Бондарь подумал и сказал:

– Ничего будто.

– Ведь он добрый.

– Да, он худа не делал. Рассказывать, бывало, когда что зачнет про Филарета Милостивого либо про другое что, то все на доброту сворачивает и против богачества складно говорит. Ребята его много которые слушали.

– И что же: нравилось им?

– Ничего. Тоже другой раз и смешно сделает.

– А что же бывает смешно?

– А вот, например, говорит-говорит про Божество, да вдруг – про господ. Возьмет горсть гороху, выберет что ни самые ядреные гороховины, да и рассажает их по свитке: «Вот это, говорит, самый на́больший – король; а это, поменьше, – его министры с князьями; а это, еще поменьше, – баре, да купцы, да попы толстопузые; а вот это, – на горсть-то показывает, – это, говорит, мы, гречкосеи». Да как этими гречкосеями-то во всех в принцев и в попов толстопузых шарахнет: все и сровняется. Куча станет. Ну, ребята, известно, смеются. Покажи, просят, опять эту комедию.

– Это он так, известно, дурашен, – подсказал другой.

Оставалось молчать.

– А из каких он будет? Не из комедиантов? – спросил второй бондарь.

– С чего это вы выдумали?

– Народ так-то баил. Миронка, что ли, сказывал.

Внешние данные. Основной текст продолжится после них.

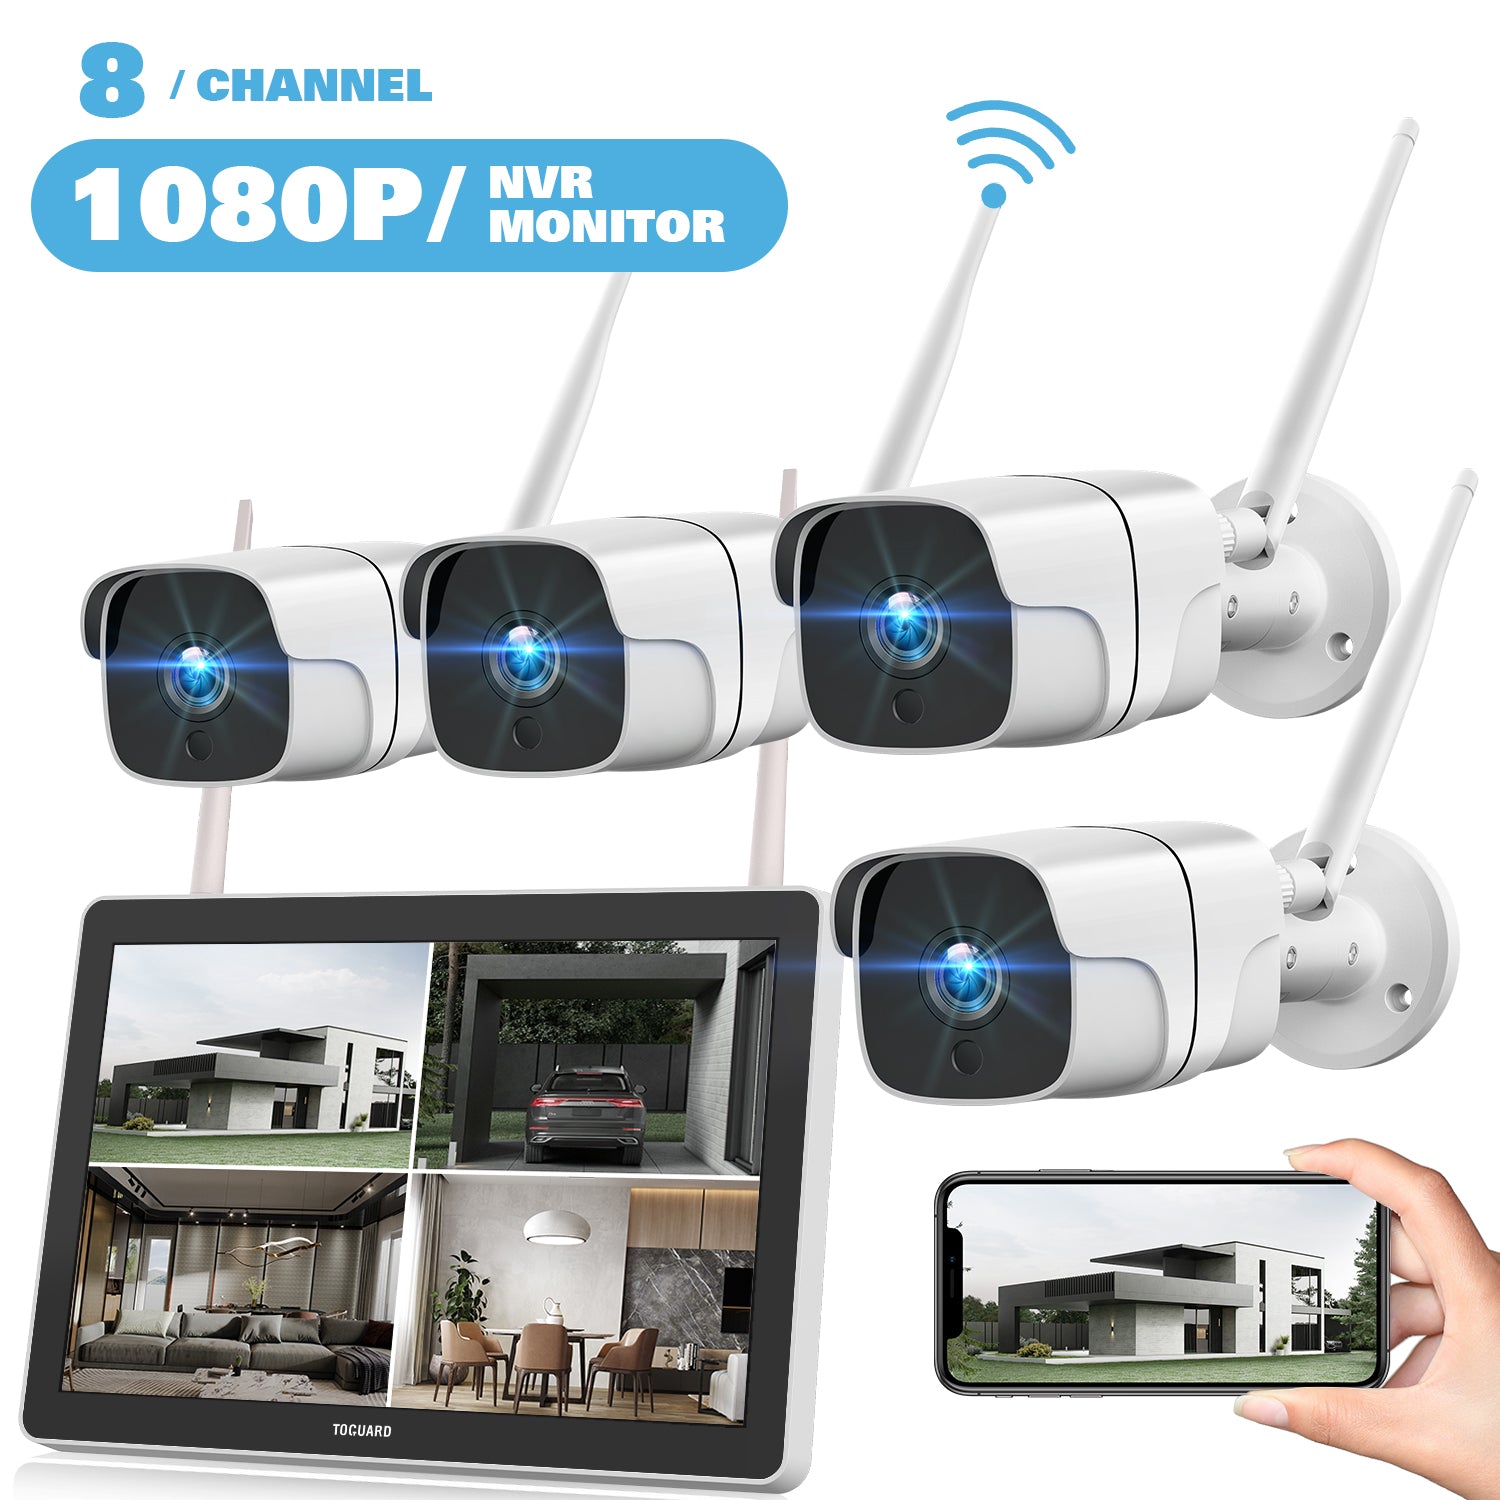 Buy Security Camera Online, Toguard W400 Security Camera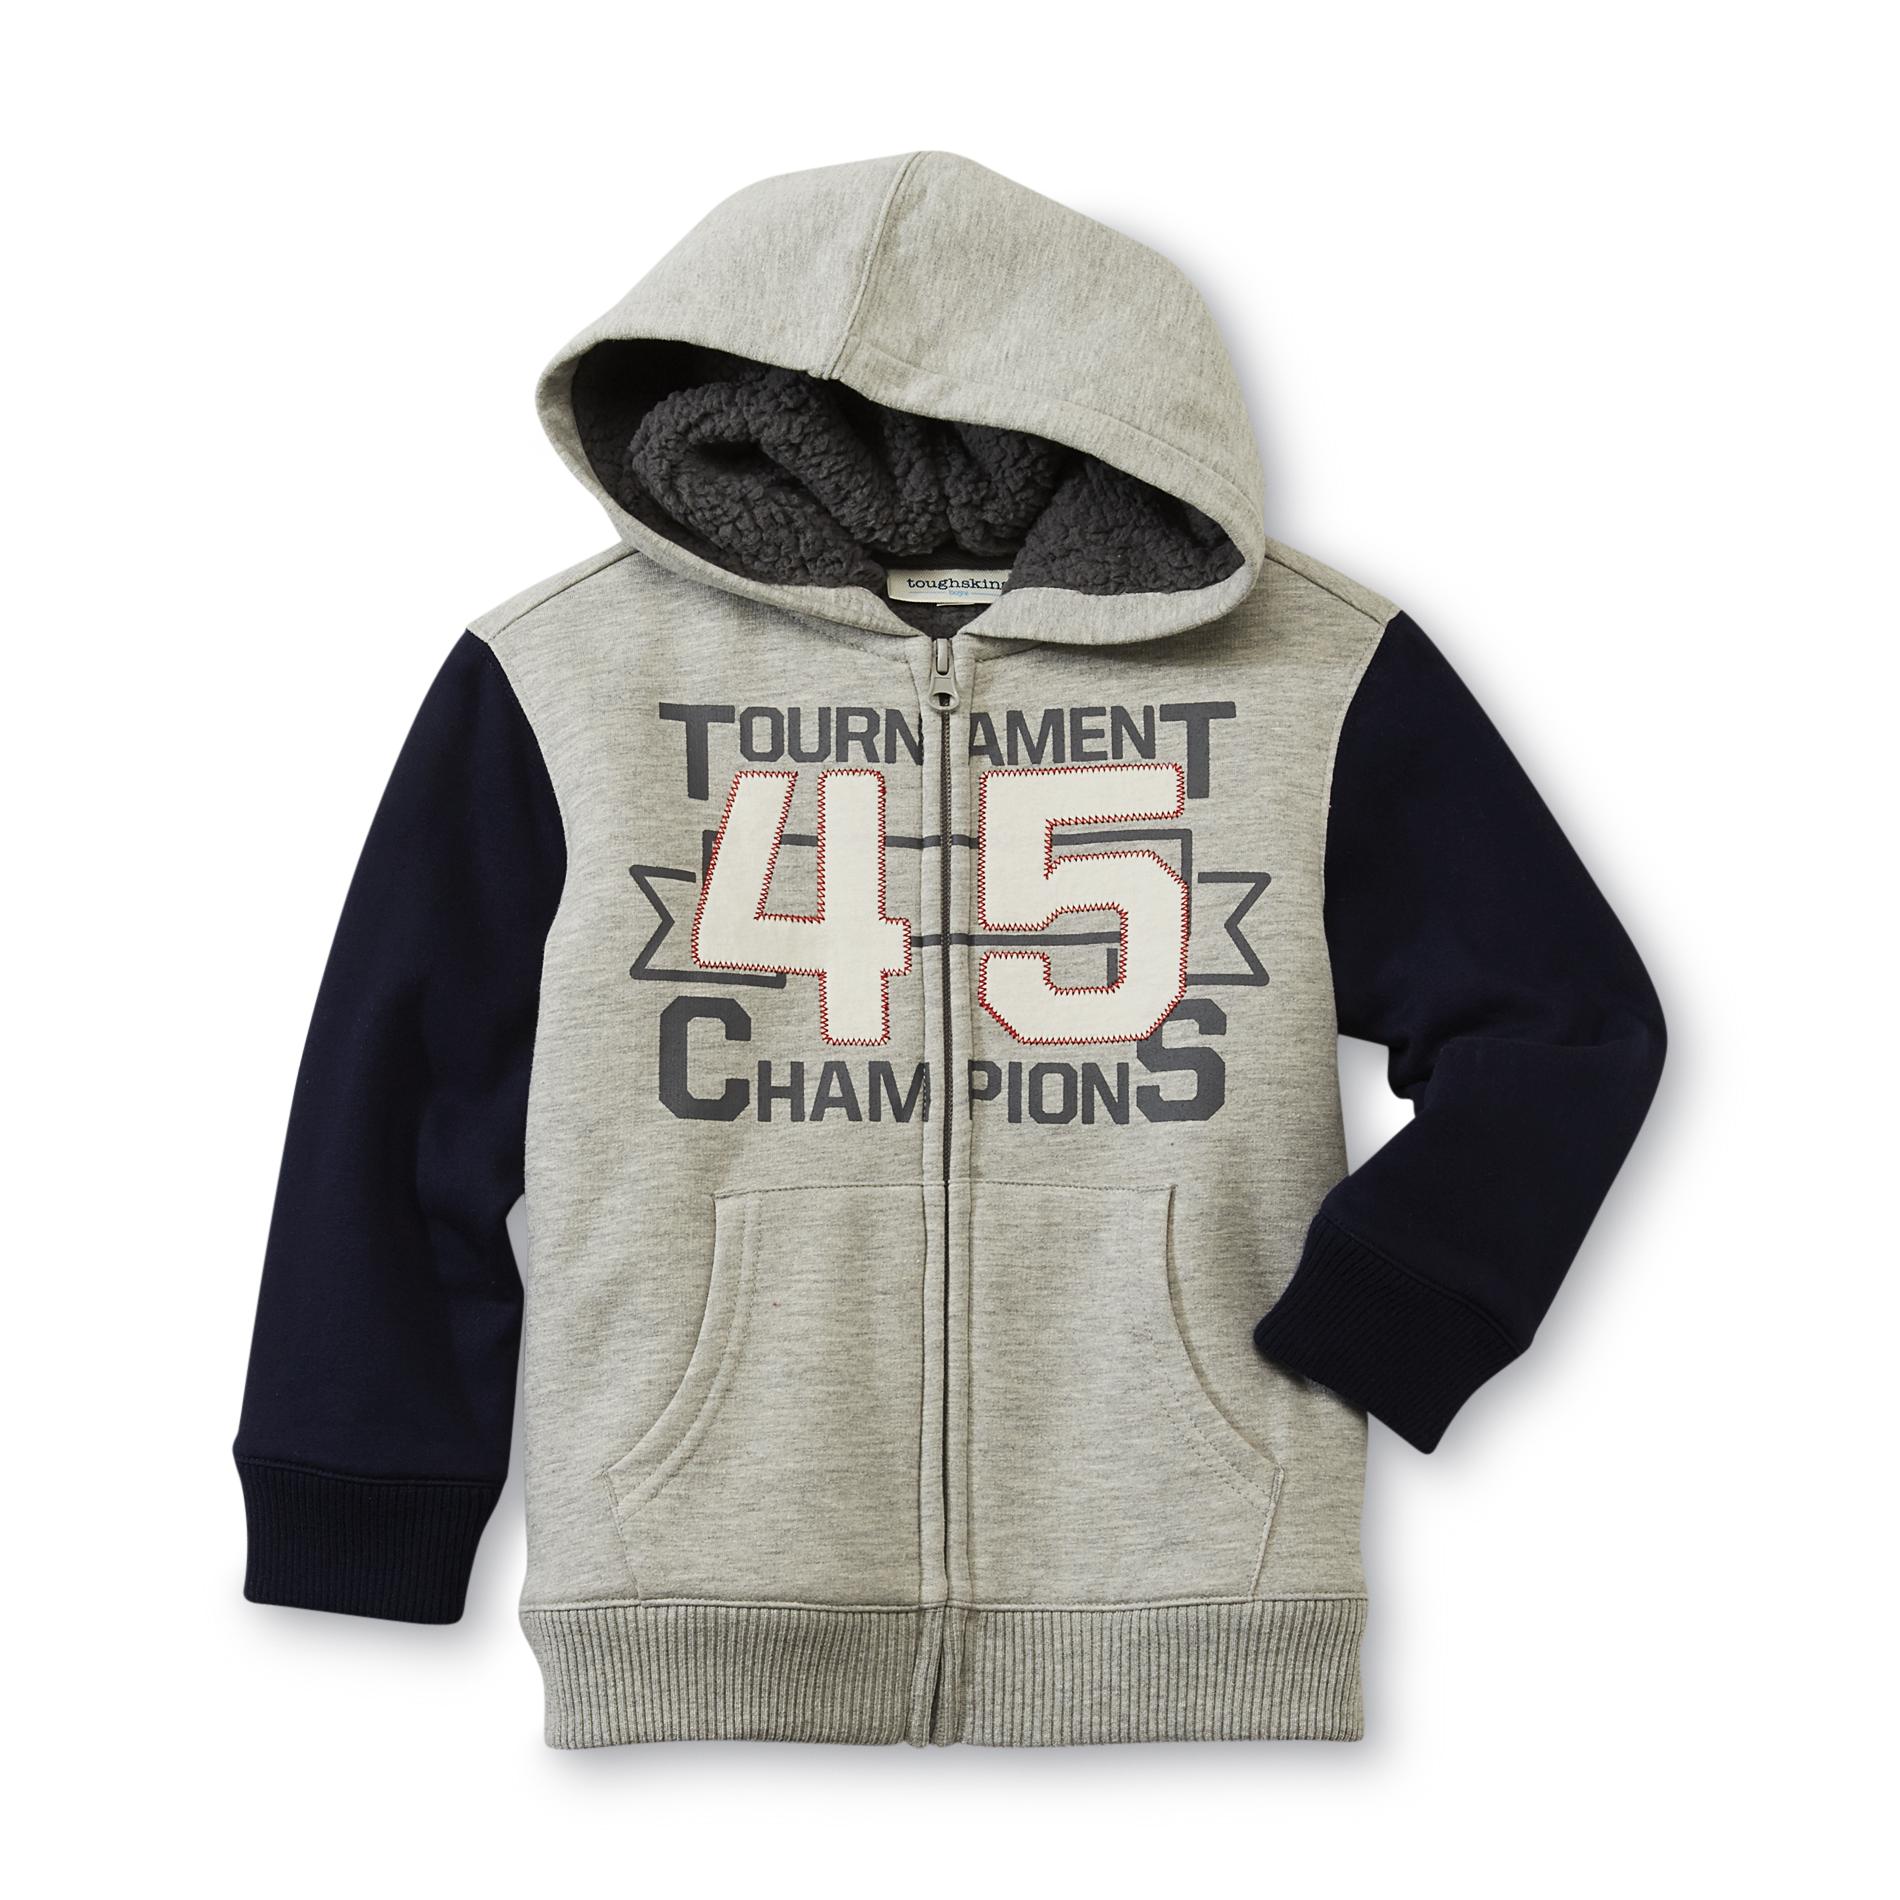 Toughskins Boy's Hoodie Jacket - Champions

Миронка был маленький, вертлявый мужик, давно разъезжающий с Александром Ивановичем. Он слыл за певца, сказочника и балагура. В самом деле, он иногда выдумывал нелепые утки и мастерски распускал их между простодушным народом и наслаждался плодами своей изобретательности. Очевидно было, что Василий Петрович, сделавшись загадкою для ребят, рубивших лес, сделался и предметом толков, а Миронка воспользовался этим обстоятельством и сделал из моего героя отставного комедианта.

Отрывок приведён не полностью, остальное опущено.